CARTA ABERTA A ZULEIKA DOS REIS

Na manhã de 05 de novembro de 2012

Sua tola, sua romântica de sempre, sua sempre tardia romântica, Zuleika, zu, zuzu, zuka, ana (personagem-fantasia em teus contos), zzzzzzzzzzzzzz ( a abelhinha que um dia se sonhou)... você consegue imaginar, MESMO, sem ilusões, sem sonhos, sem liberdade de movimentos, o que seria a sua solidão sem a presença do seu único tesouro humano aí presente, e sem a presença (do seu e do dela, tesouro), do anjo da guarda encarnado que, você já sabe, não ficará por muito, muito tempo? Você já pensou, mesmo, mulher tola? Aqui ou noutro lugar seria só, no real dos dias, a COMPLETA, ABSOLUTA, IRREMEDIÁVEL SOLIDÃO que, em verdade, só lhe resta mesmo esse tesouro, o seu único, além da bênção da presença (cada vez menos frequente, pelas premências do real dela) do anjo da guarda encarnado e da presença solidária dos amigos, quase todos presenças reais, embora quase nenhum no imediato real.
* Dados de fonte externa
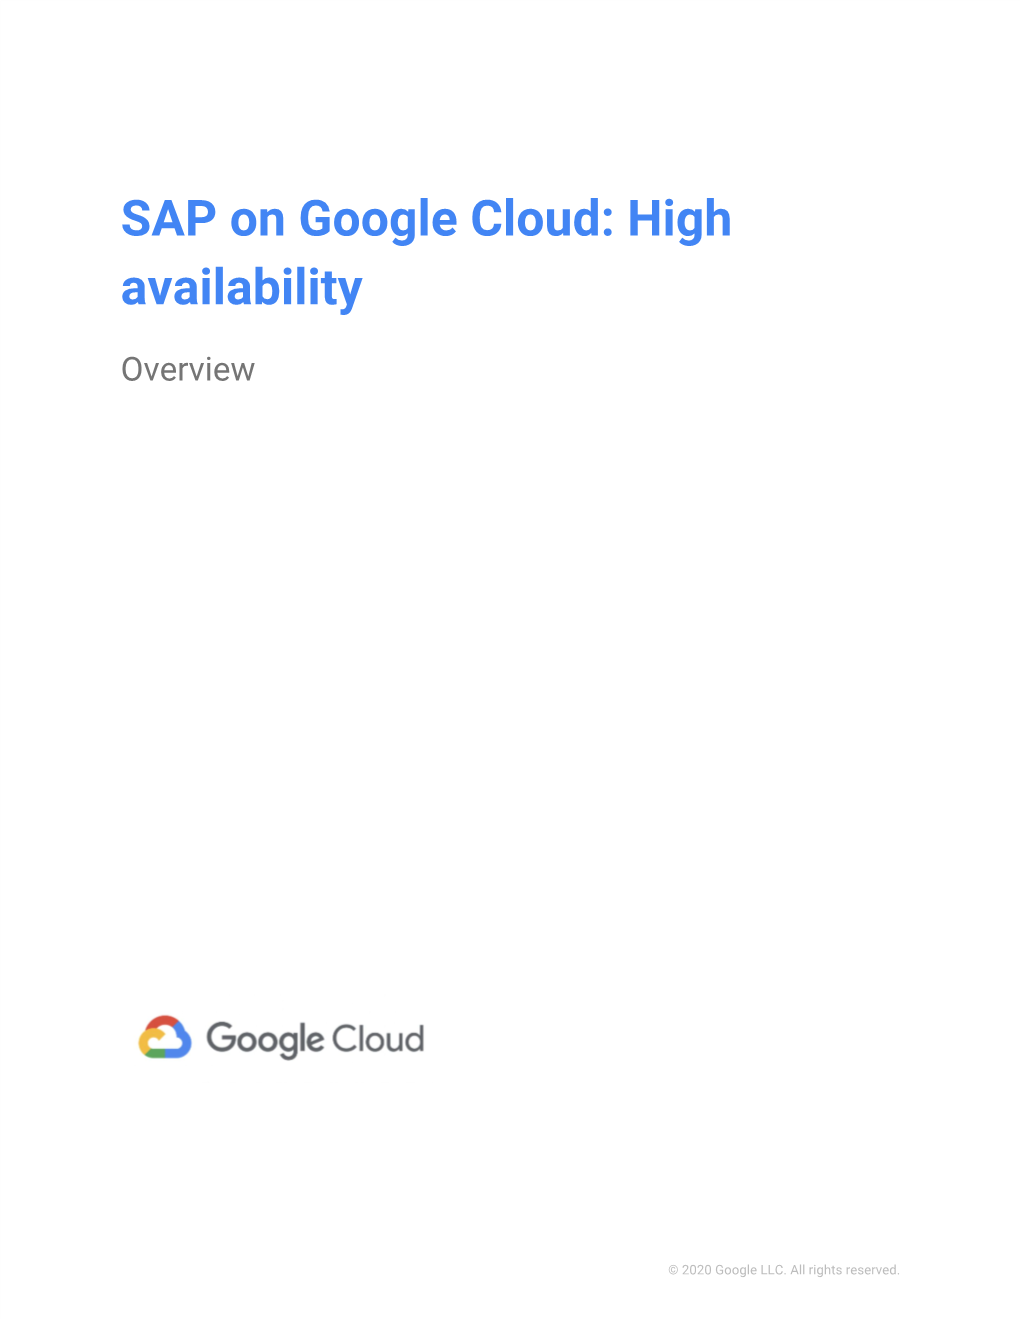 SAP on Google Cloud: High Availability

Pensa, mulher: todos os homens amados a esqueceram, no real dos fatos, em especial o Maior Deles a esqueceu, e a você não resta direito nenhum de pôr quem quer que seja no lugar de nenhum deles, muito menos no lugar do Maior Deles, desse que também não a ama mais... Seu trabalho e seus estudos, sua escrita... que fazer para restaurá-los e para o quê, a partir daqui? Seu canto? Ora... ora... Sem aprofundar mais nada, que é preciso calar as reflexões neste ponto, que É PRECISO MESMO CALAR TUDO O MAIS, cuide do tesouro humano que lhe ficou, peça ao Deus que prolongue, ainda, pelo tempo necessário (até você aprumar um pouco seu corpo e seus joelhos), a presença, aqui, do seu e do dela anjo encarnado e pára , de vez, de sonhar com breves hiatos de plena solidão aqui, e/ou em outro qualquer lugar, o único sonho que você ainda se permitia acalentar.
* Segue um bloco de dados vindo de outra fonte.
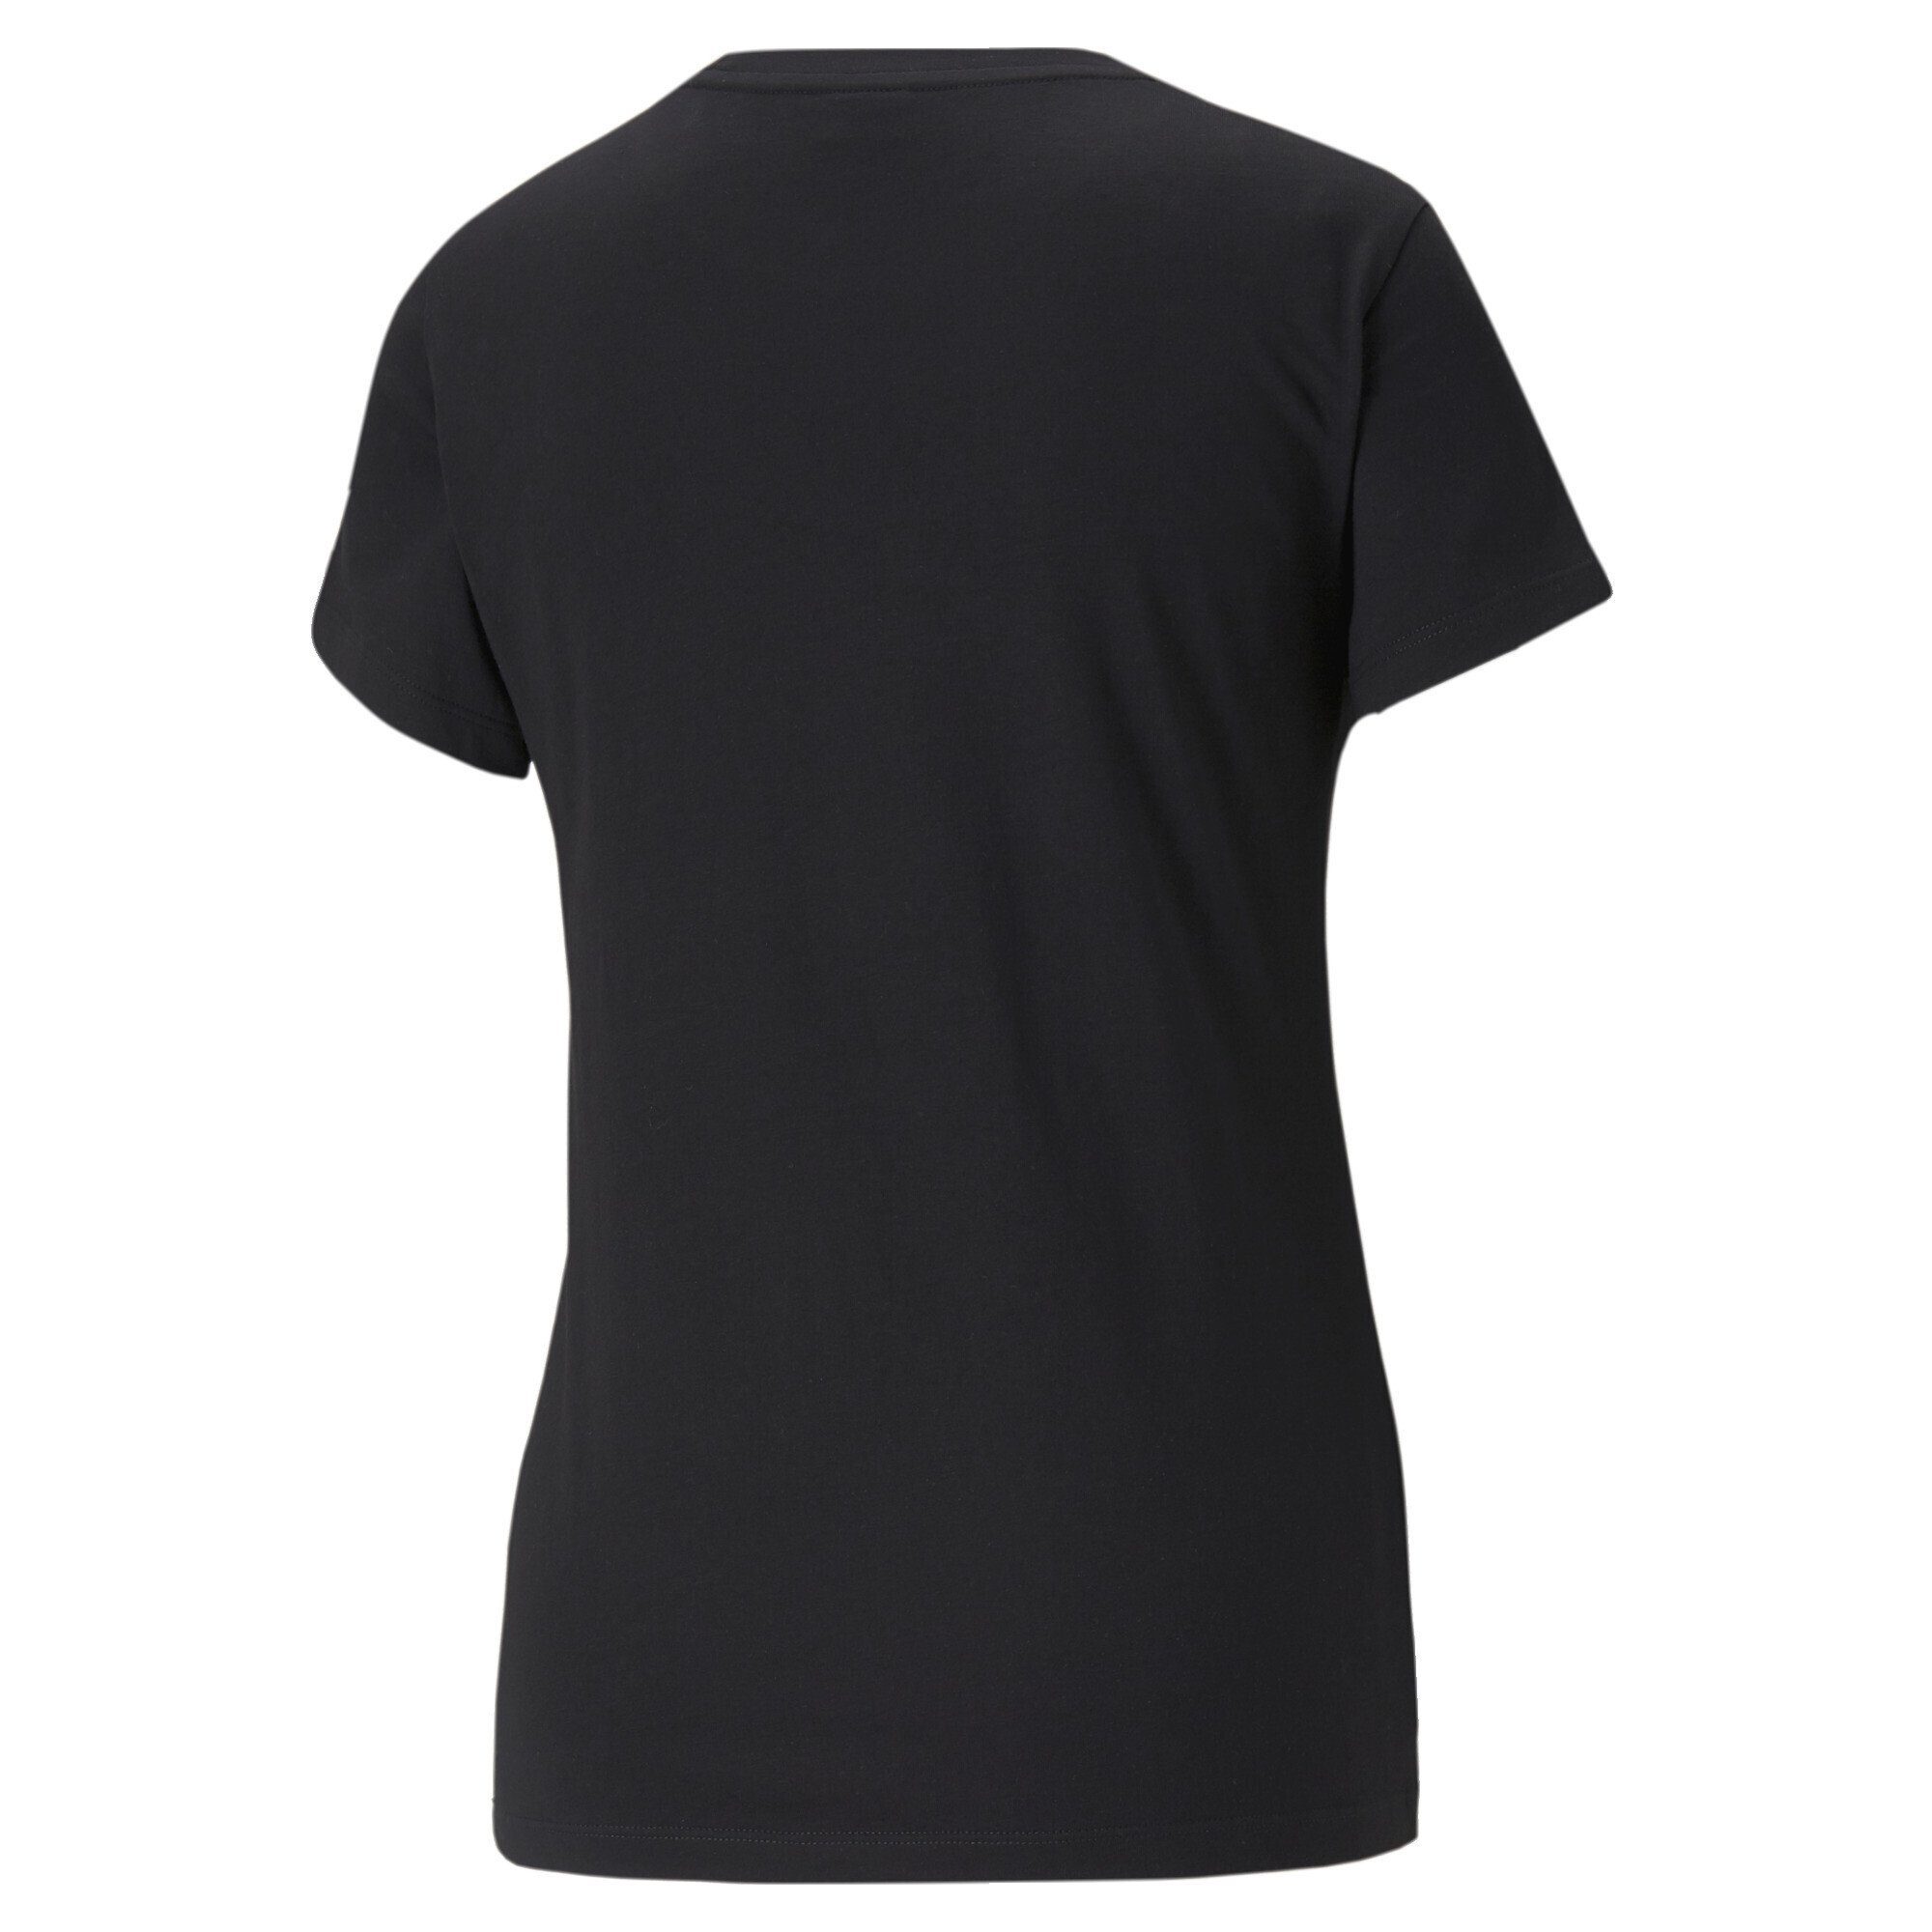 PUMA T-Shirt Classics Logo T-Shirt Black Damen

O tempo de quaisquer sonhos e idealizações passou. Agora é o tempo do real, com o qual nunca, jamais você soube, de verdade, lidar. Aprenda, mulher que também nunca cresceu. Resigne-se, de uma vez por todas ao fato de que o único homem que deveras a amou, mesmo que -isso é possível? - em algum lugar de si próprio ainda guarde algo do que sentiu, jamais lhe dirá do que você foi, do que, talvez, você ainda lhe seja. Jamais disse e jamais dirá. Você precisa continuar sobrevivendo a este SILÊNCIO DELE, como sempre tem sobrevivido... Lembre-se do final do filme E O VENTO LEVOU, quando a incansável Scarlet diz, depois de tudo perdido e partido, irremediavelmente: AMANHÃ É UM NOVO DIA. No fundo ela sabe que não haverá outro dia senão o da SOLIDÃO, A MAIS ACERBA; ela sabe, no mais fundo de si própria mas, recusa-se a admitir tal fato. Não faça o mesmo, minha cara amiga.
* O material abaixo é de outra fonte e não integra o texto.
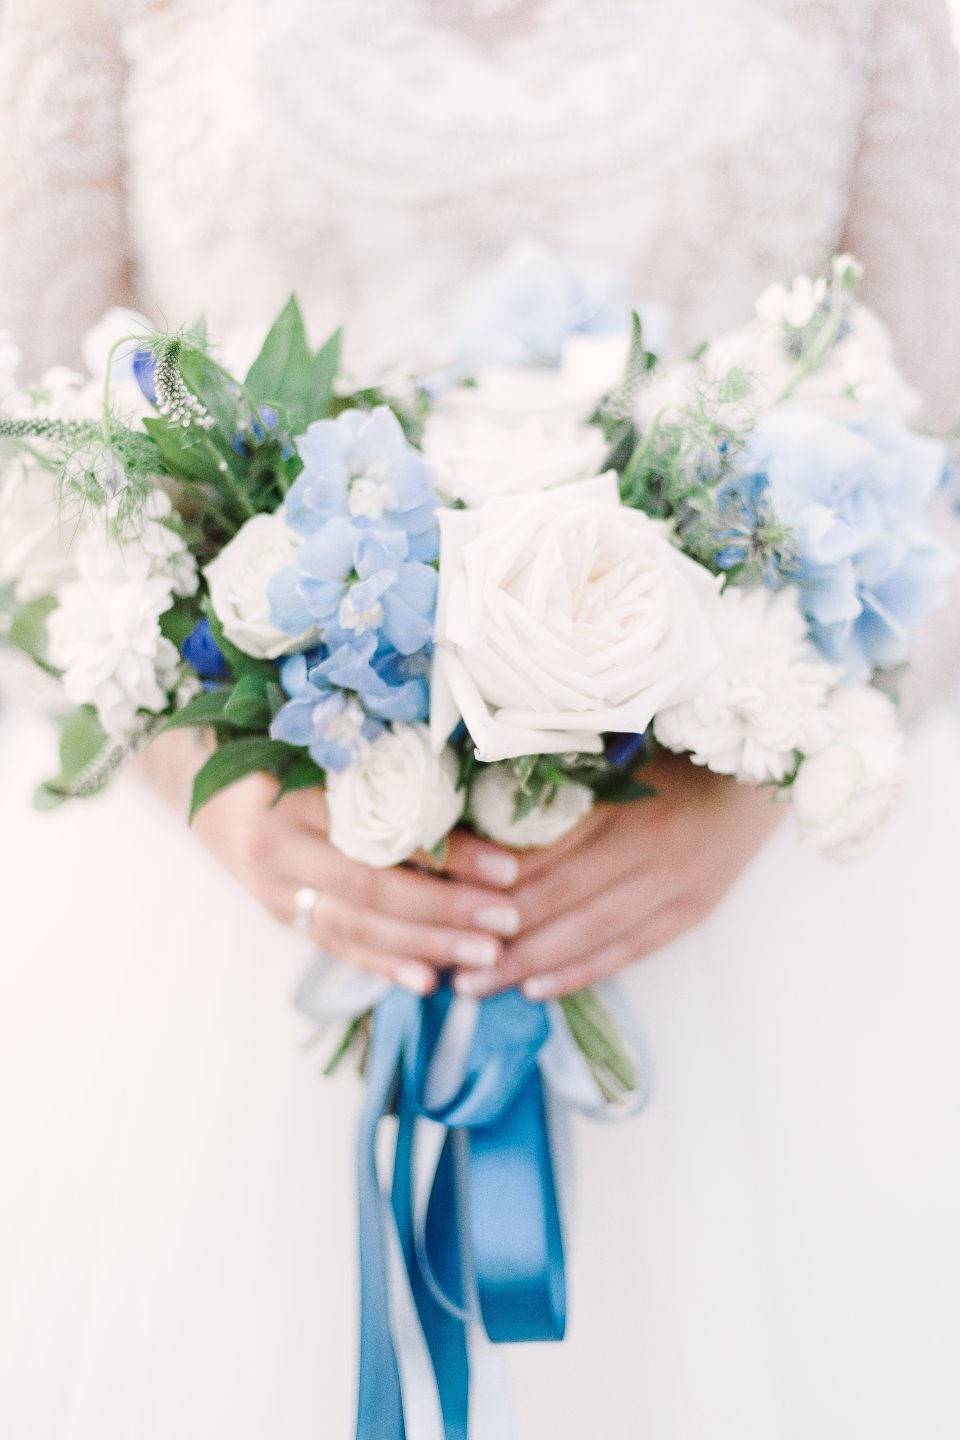 Свадьба в голубом цвете: гармония нежности и чистоты

Aprenda, filha: só um tesouro humano lhe restou, no efetivo dos dias, e por enquanto também a presença do seu e dela anjo encarnado. Claro, há a solidariedade dos amigos, virtuais e não virtuais, (quase todos reais) mas, os amigos, todos e cada um, não podem tomar, em seu lugar, mulher, a decisão que só a você cabe tomar: CUIDAR DO SEU REAL, AQUI. CUIDAR DO QUE EXISTE, NO IMEDIATO DOS SEUS DIAS. SEM SONHOS, ATÉ QUE O GRANDE PAI LHE PERMITA (SE LHE FOR DE DIREITO) NAS MÃOS, A SEMENTE DE ALGUM NOVO SONHO EM FOLHA, MAS ISSO...

Há refrigérios verdadeiros, os seus amigos, que a amam, nunca se esqueça. Receba com gratidão o que eles lhe possam e queiram dar, mas poupe-os, o mais que possa e consiga, de sua amargura, que eles não a merecem, a esta sua amargura; dê a eles o melhor de você, sempre, o melhor que lhes consiga dar. Haveria muitas mais coisas a lhe dizer nesta carta aberta, filha, mas, urge que eu pare por aqui.

Afetuosas saudações da Zuleika.

P.S. Acabo de receber uma carta por mim escrita e a mim endereçada, uma carta de muito rigor, até um pouco impiedosa demais. Lembra-te, Zuleika, de que sempre há atenuantes, para qualquer situação e/ou crime ainda que com dolo; não te sejas juíza tão implacável, leva em conta a posição das testemunhas e do advogado de defesa; abranda, ainda que apenas interiormente, a sentença da tua pena.